Bozeman, Mont. has stopped its controversial practice of asking city job applicants to share their login/password to social networking and other Web sites as part of HR background checks.
This is smart, because the practice is on sketchy privacy grounds and can easily lead to identity theft. One of the basic Internet security tips given since computers and Web sites first had passwords is never share your password.
The city’s release:
The City of Bozeman believes we have a responsibility to ensure candidates hired for positions of public trust are subject to a thorough background check. The extent of our request for a
candidate’s password, user name, or other internet information appears to have exceeded that which is acceptable to our community. We appreciate the concern many citizens have expressed
regarding this practice and apologise for the negative impact this issue is having on the City of Bozeman.

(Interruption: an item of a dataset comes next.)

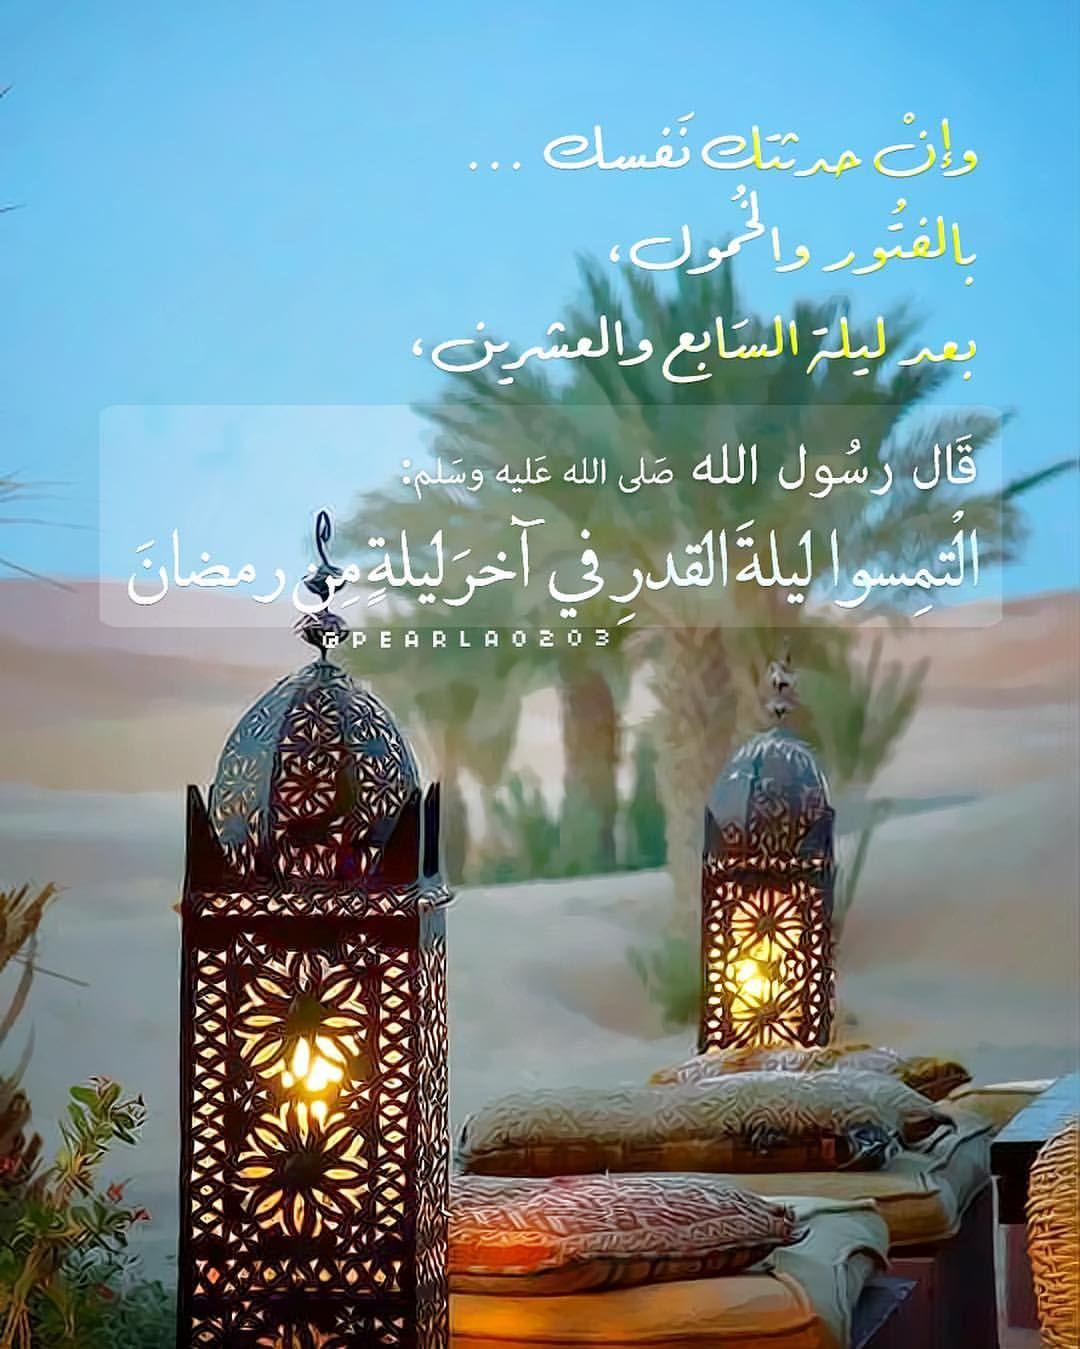 Instagram Photo By Pearla0203 Jul 3 2016 At 1 19pm Utc Ramadan Kareem Ramadan Instagram Posts

Effective at 12:00 p.m. today, Friday June 19, 2009, the City of Bozeman permanently ceased the practice of requesting candidates selected for City positions under a provisional job offer to provide user names and passwords for the candidate’s internet sites.
In addition, until further notice, the City will suspend its practice of reviewing candidate’s password protected internet information until the City conducts a more comprehensive evaluation of the practice.
Since the initial media inquiries, the City of Bozeman has been reviewing the practice of requesting user names and passwords to access a candidate’s internet sites. Today’s decision to
terminate the use of passwords and usernames in this process reflects the City’s commitment to reconsider this practice. In addition, today’s decision to suspend the practice of inquiring into a candidate’s password protected internet sites demonstrates a continued commitment to ensure the City’s hiring practices comply with state and federal law and protect the safety of Bozeman residents.